Inner-Cycle Phases Can Be Estimated from a Single Inertial Sensor by Long Short-Term Memory Neural Network in Roller-Ski Skating

Abstract

Objective: The aim of this study was to provide a new machine learning method to determine temporal events and inner-cycle parameters (e.g., cycle, pole and ski contact and swing time) in cross-country roller-ski skating on the field, using a single inertial measurement unit (IMU). Methods: The developed method is based on long short-term memory neural networks to detect the initial and final contact of the poles and skis with the ground during the cyclic movements. Eleven athletes skied four laps of 2.5 km at a low and high intensity using skis with two different rolling coefficients. They were equipped with IMUs attached to the upper back, lower back and to the sternum. Data from force insoles and force poles were used as the reference system.
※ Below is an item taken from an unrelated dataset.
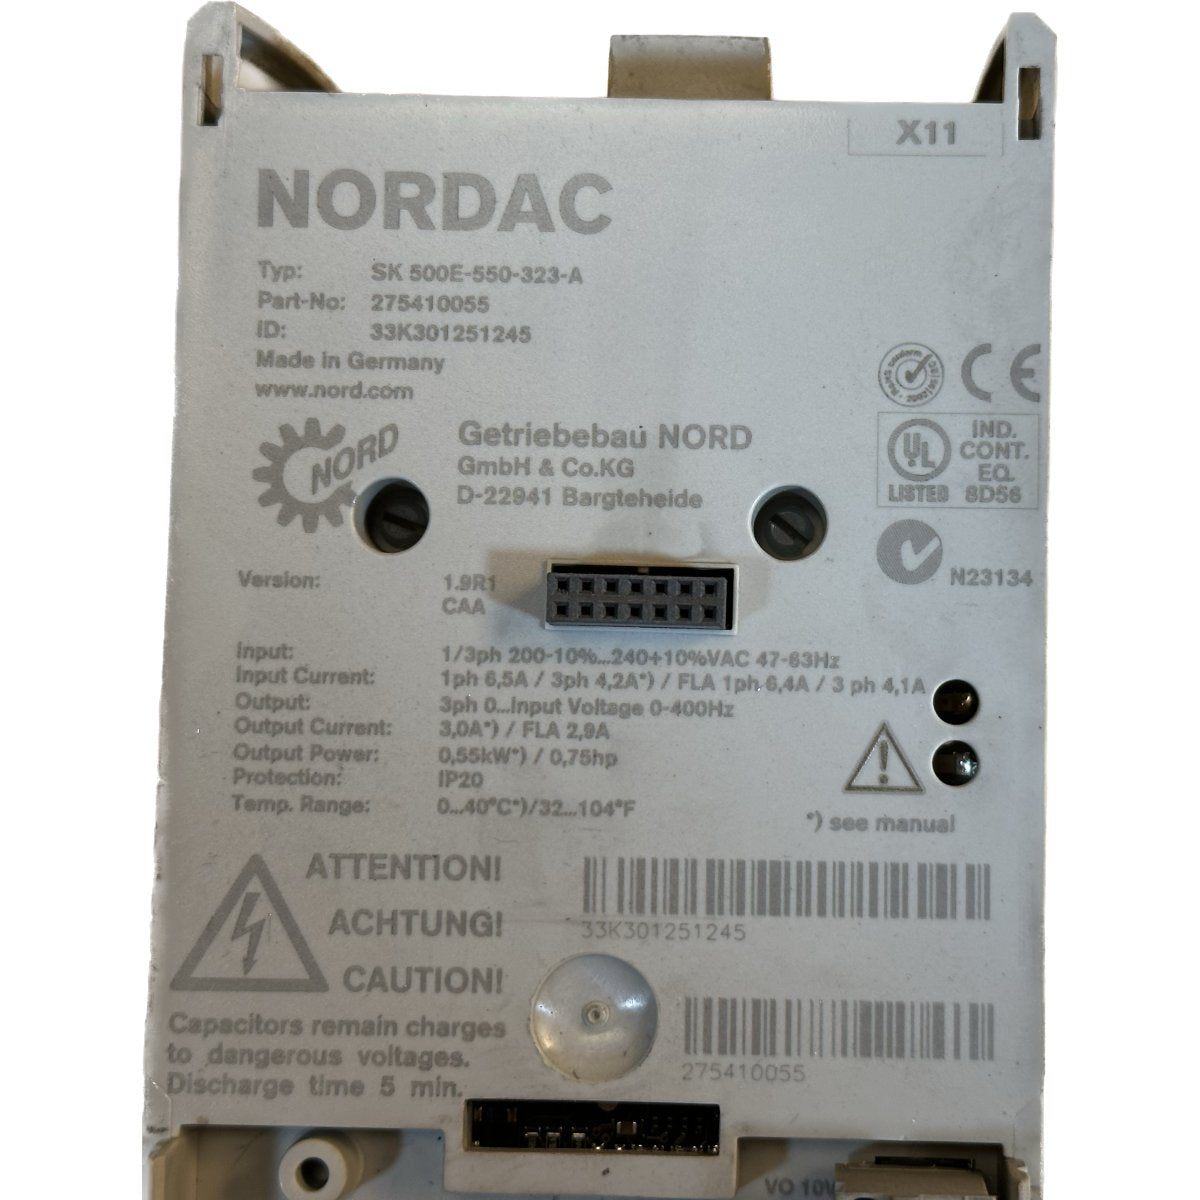 DJ195 Frequenzumrichter Nordac SK 500E-550-323-A

Results: The IMU placed on the upper back provided the best results, as the LSTM network was able to determine the temporal events with a mean error ranging from −1 to 11 ms and had a standard deviation (SD) of the error between 64 and 70 ms. The corresponding inner-cycle parameters were calculated with a mean error ranging from −11 to 12 ms and an SD between 66 and 74 ms. The method detected 95% of the events for the poles and 87% of the events for the skis. Conclusion: The proposed LSTM method provides a promising tool for assessing temporal events and inner-cycle phases in roller-ski skating, showing the potential of using a single IMU to estimate different spatiotemporal parameters of human locomotion.